And step S220, acquiring the rotating speed of a motor, wherein the motor is used for driving the conveyor to rotate.

This step is the same as step S110 in the embodiment of fig. 1, and specific reference may be made to the description in the embodiment of fig. 1, which is not repeated herein.

And step S230, judging whether the rotation speed of the motor is stabilized within a preset rotation speed range.

As described above, if the rotation speed of the motor is stabilized within the preset rotation speed range, indicating that the conveyor is in a normal operation state, step S240 may be performed; if the rotation speed of the motor is not stabilized within the preset rotation speed range, which indicates that the motor may be just started or about to be stopped, i.e. the motor is not in a normal operating state, and accordingly, the conveyor is not in a normal operating state, the step S220 may be returned to, i.e. the rotation speed of the motor is continuously detected.

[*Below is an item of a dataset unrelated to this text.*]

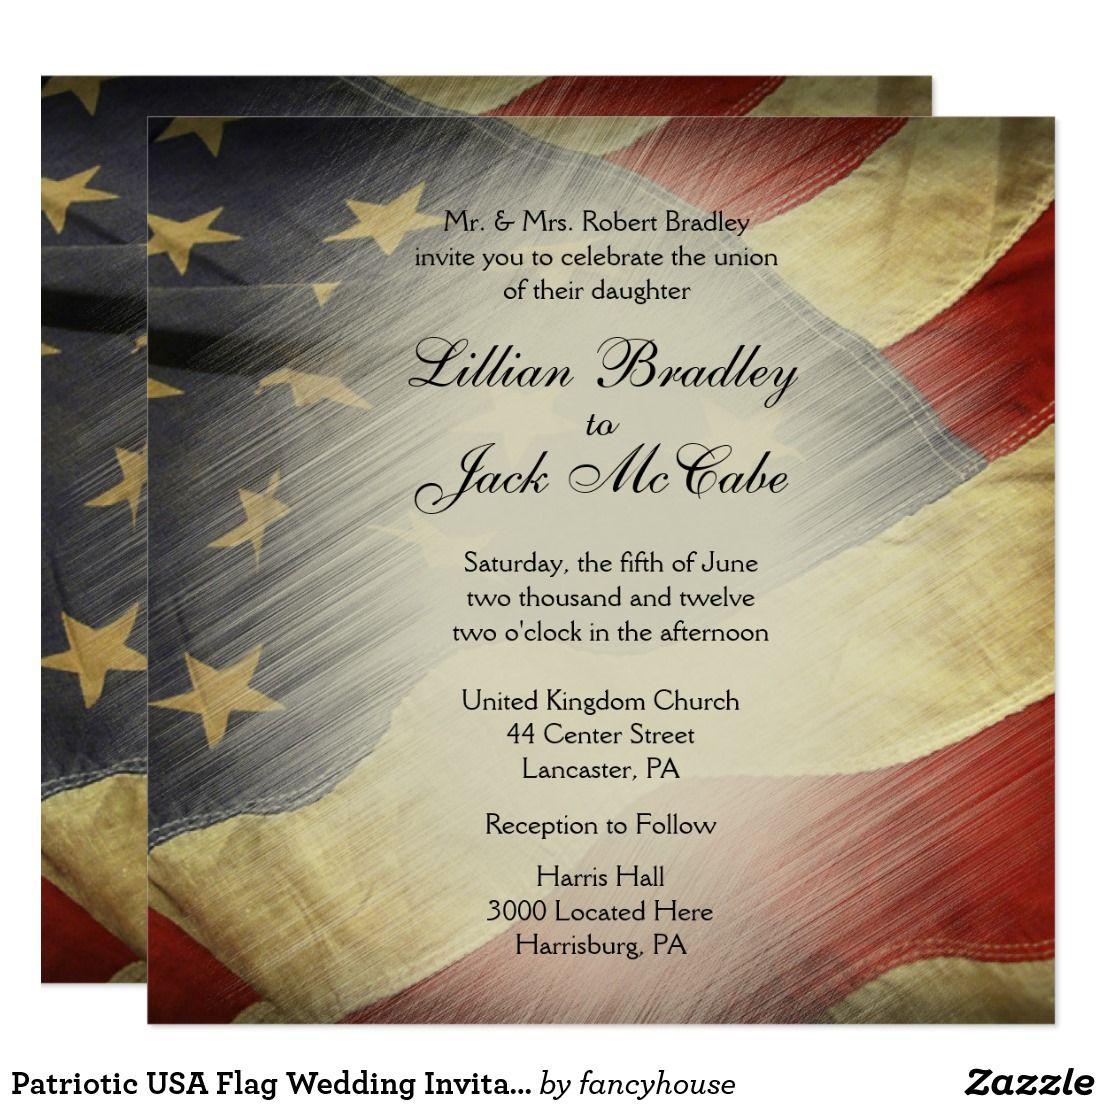 Patriotic USA Flag Wedding Invitations 40% Off #leatherwooddesign ...
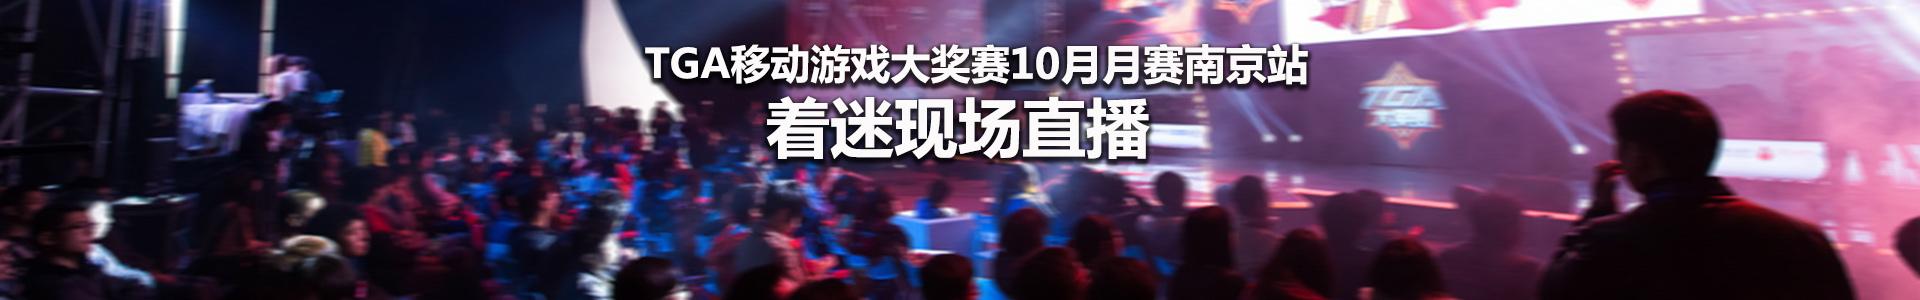 TGA移动游戏大奖赛10月月赛南京站 着迷现场直播

In an alternative embodiment, stabilizing the rotation speed of the motor within the preset rotation speed range specifically includes: the rotating speeds of the motor at N different moments are all within a preset rotating speed range within a preset time period; n is an integer greater than 1. The method and the device for acquiring the rotation speed of the motor can acquire the rotation speed of the motor at a plurality of different moments within a period of time in a preset period, and can also acquire the rotation speed of the motor at a plurality of different moments randomly, wherein N can be a threshold value of the revolution counter, and can be 80 for example.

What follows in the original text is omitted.